Some portrayed her as a traitor. 2008 U.S. Olympic coach Anne Donovan called her unpatriotic. Hammon viewed her decision not as a political statement but as a way to fulfill a childhood dream.
"I had two choices," Hammon said. "I could either sit at home and watch the Olympics or I could go and take part. It was really that simple. It was a hard decision and I took a lot of flak early on, but once the truth started coming out, I felt a lot of people changed their minds and I felt a lot of love and support through that whole thing."
As Hammon's career was winding down, she began exploring her post-basketball options. Two incidents pushed her away from broadcasting and toward coaching.
The first was a conversation she had with a broadcasting colleague one day. When he told her the best thing about working in TV was never having to walk out of a gym a loser, she immediately thought, 'Yeah, but you never get to leave a winner either.'"
The second was a torn ACL last July that prevented her from playing basketball the next nine months. When she broached the idea with Spurs coach Gregg Popovich about sitting in on a few practices, he enthusiastically agreed.

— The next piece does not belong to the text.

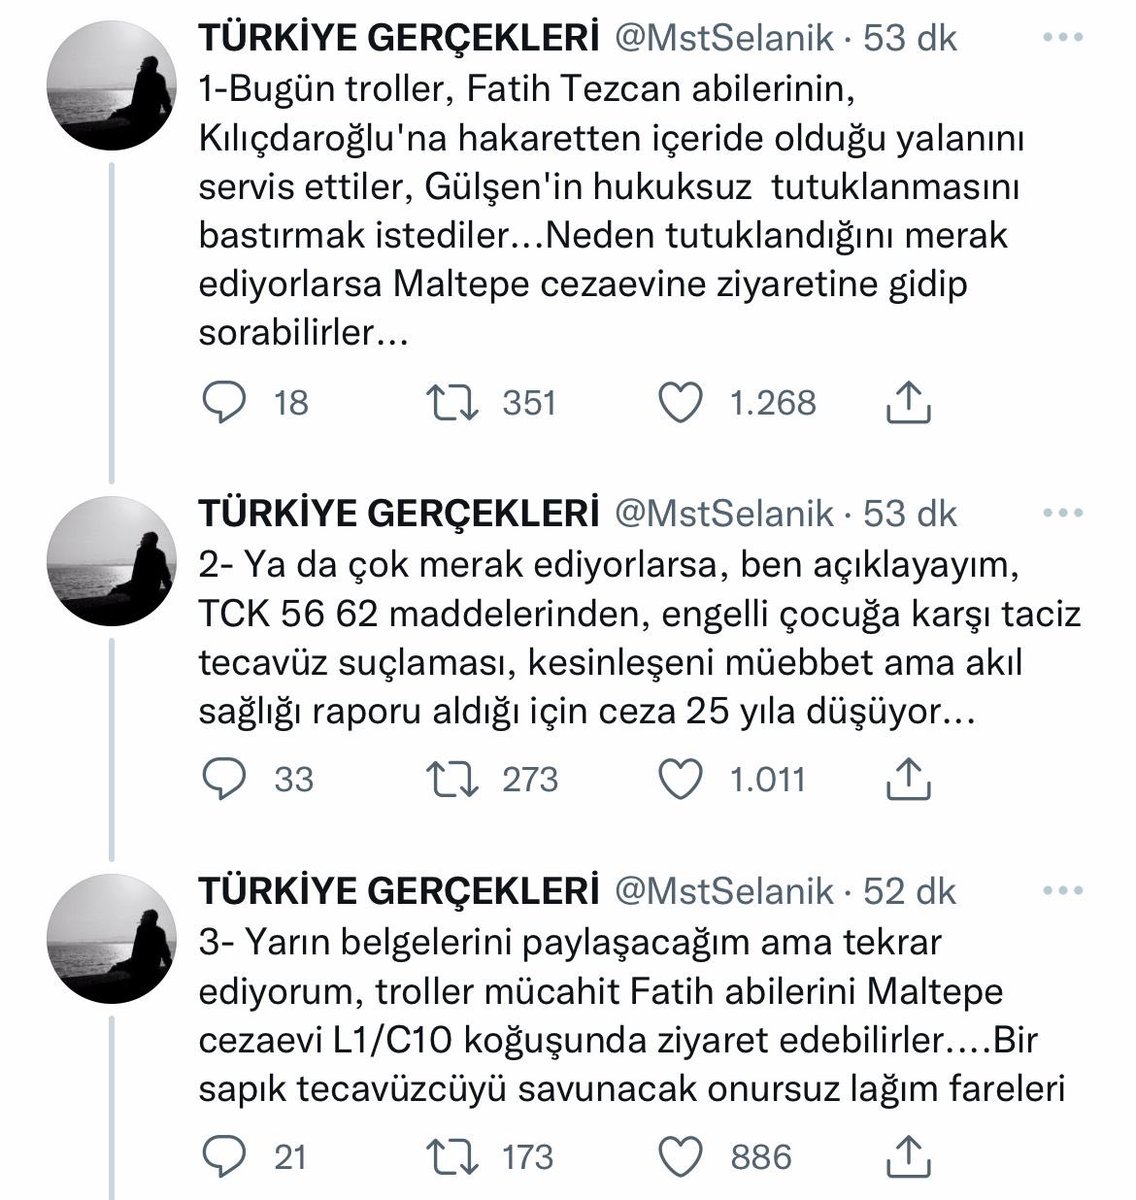 TCK 56 ve 62 taciz tecavüzle ilgili değilken, DHKP-C’li Mustafa Selanik ve her örgütle bir şekilde yatağa giren Gökhan Özbek’in sitesi Fatih Tezcan’a alenen iftira atıyor.
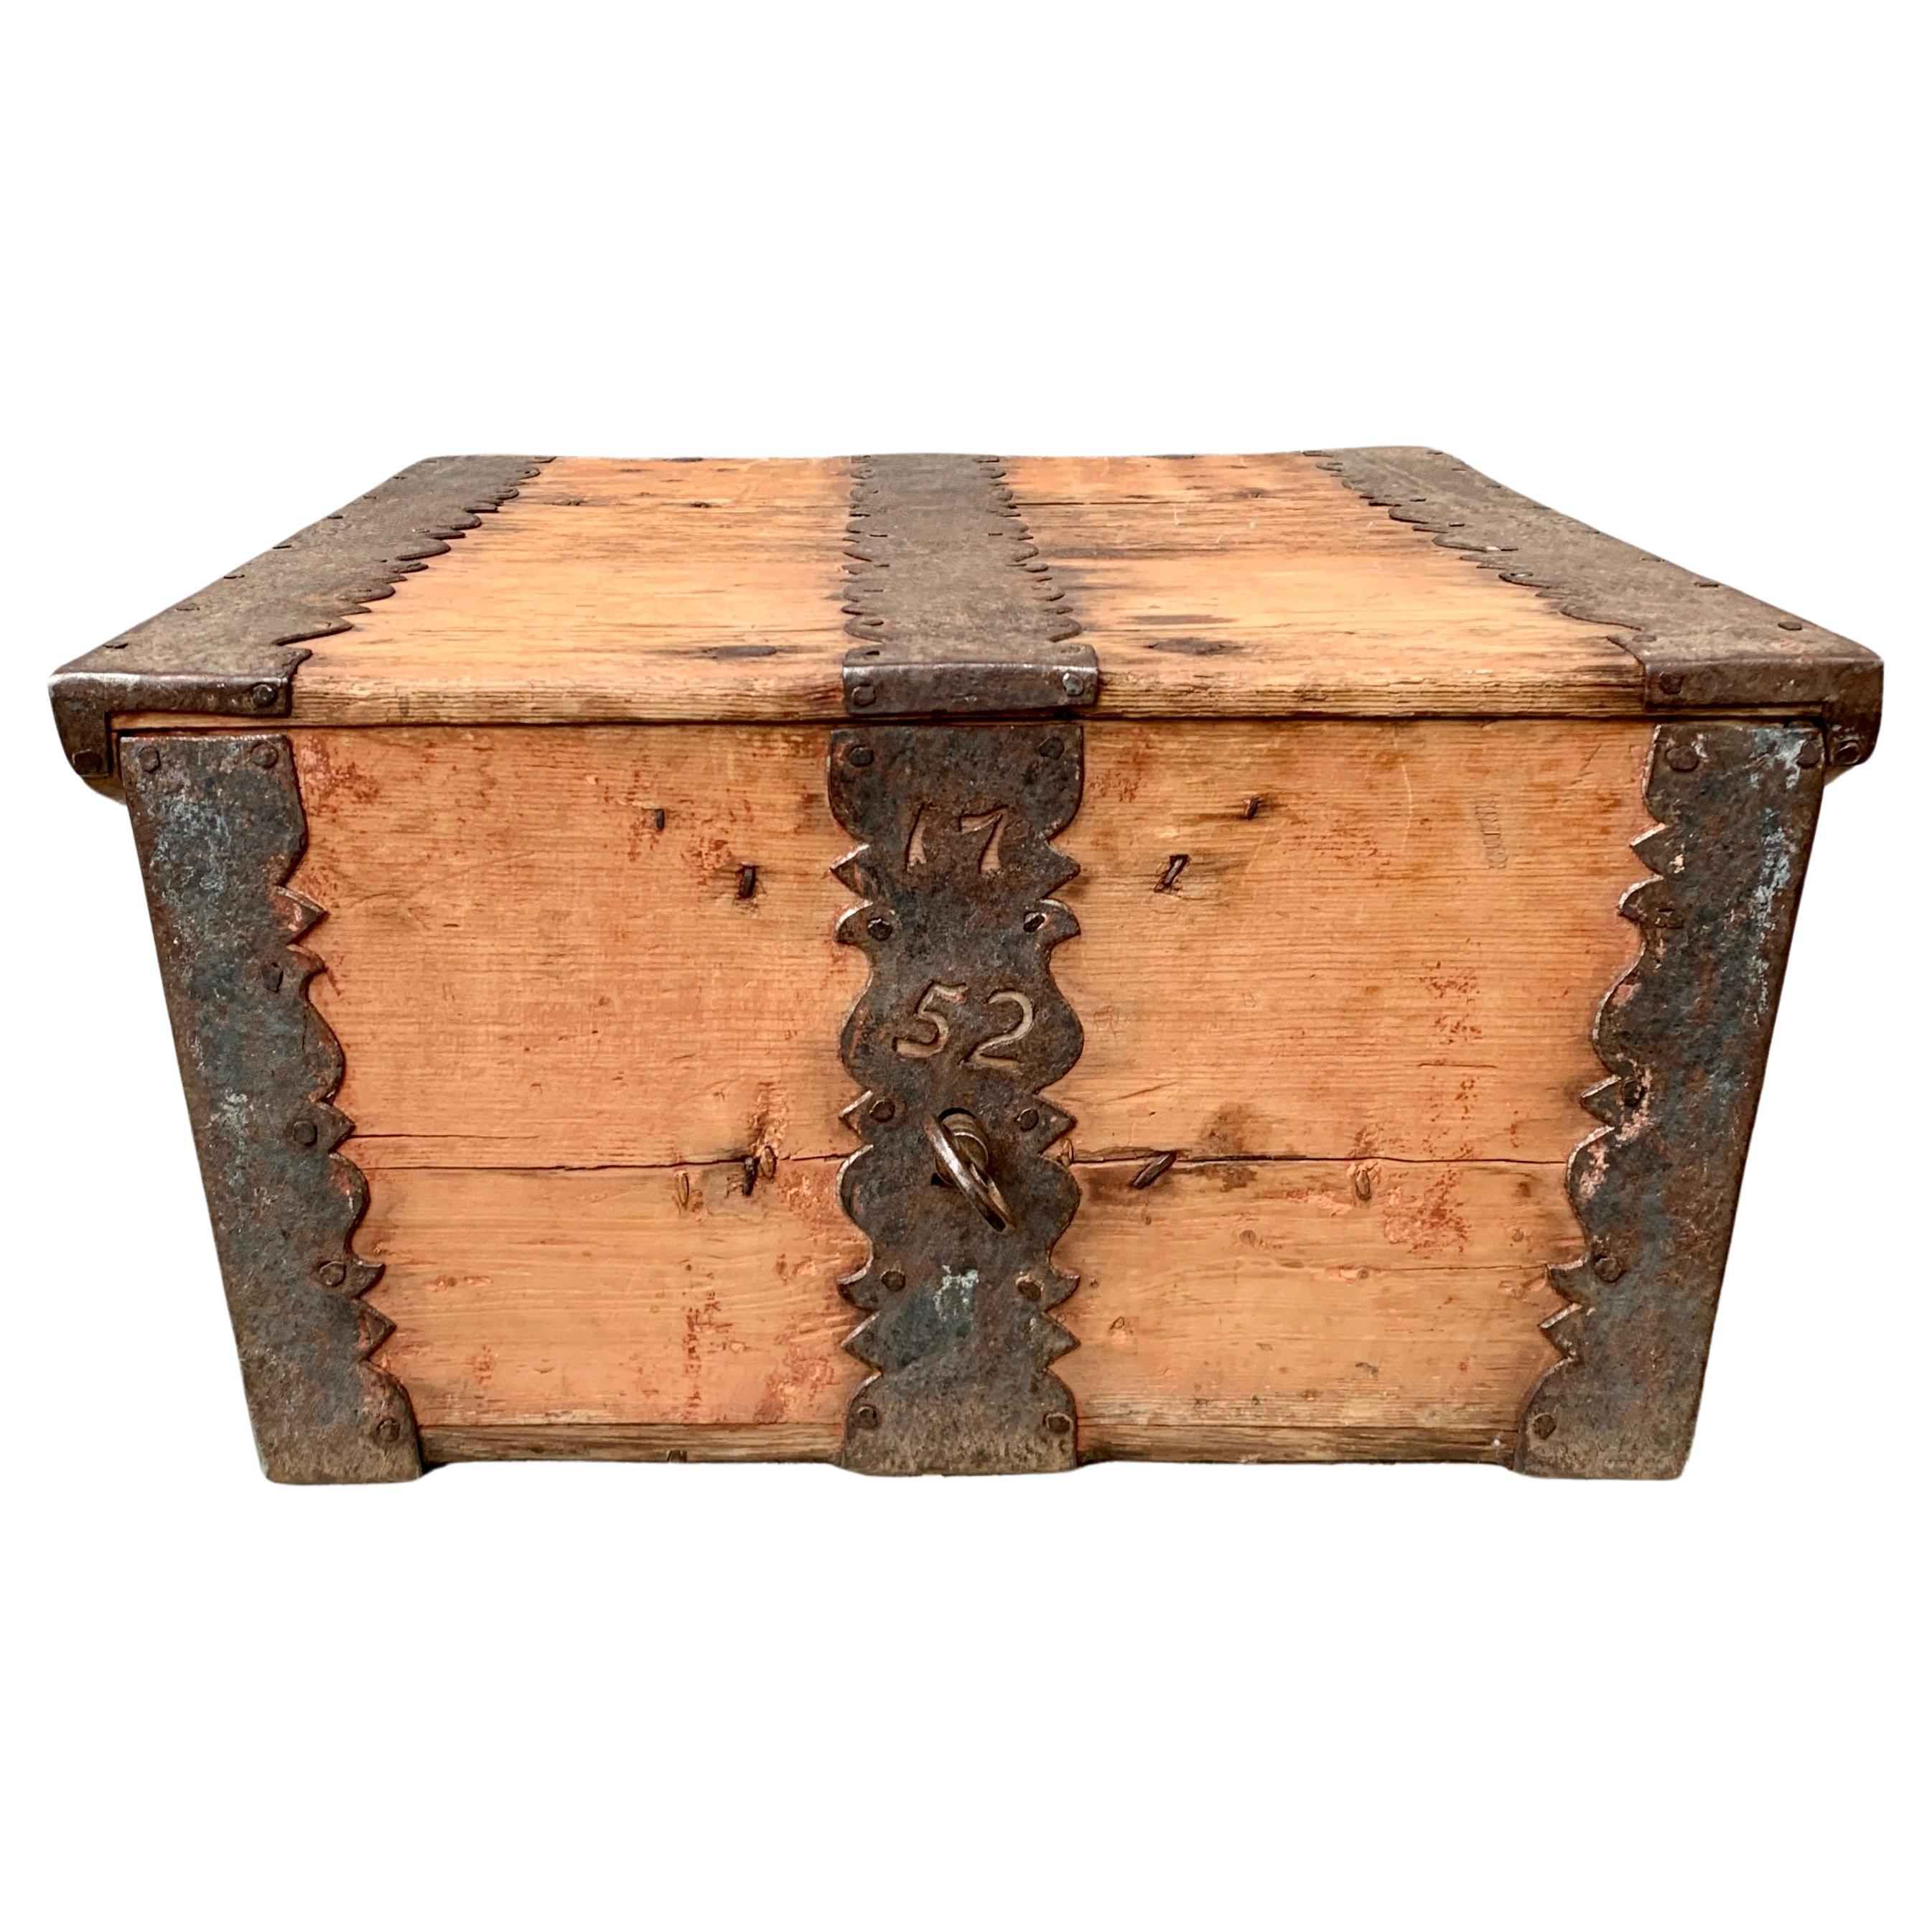 Boîte scandinave en bois du 18ème siècle, datée de 1752

The mini-internship that followed the next 12 months convinced Hammon that blowing out her knee was one of the biggest blessings in disguise of her life.
She attended film sessions, coaching meetings and practices, receiving an invaluable behind-the-scenes look at what makes the NBA's most consistent franchise successful. And on the other hand, the Spurs discovered that Hammon possessed a brilliant basketball mind, a passion for coaching and masterful people management skills, exactly the combination Popovich seeks in an assistant coach.
Hammon announced earlier this summer that she is retiring from basketball at the end of this WNBA season. Soon after learning that, Popovich offered her a job.
"Pop told me, 'I'm hiring you because you're a good fit here, and you just happen to be a woman,'" Hammon said. "I think that just sums this whole thing up great."
The news that Hammon was joining the Spurs staff didn't catch Adubato by surprise. He learned never to underestimate Hammon after his conversation with her walking off the floor during the 1999 WNBA Finals.
One day a few years later, Reggie Miller attended a New York Liberty walk-through because he was broadcasting the team's game that night. Adubato was so confident in Hammon that he bet one of the NBA's all-time great shooters $100 that she'd make more half-court shots than him.
Hammon sank two out of five. Miller hit only one.
"I took my $100 and I never let him forget it," Adubato said.
So Hammon has already proven she can beat NBA players. Now all that's left is showing she can coach them too.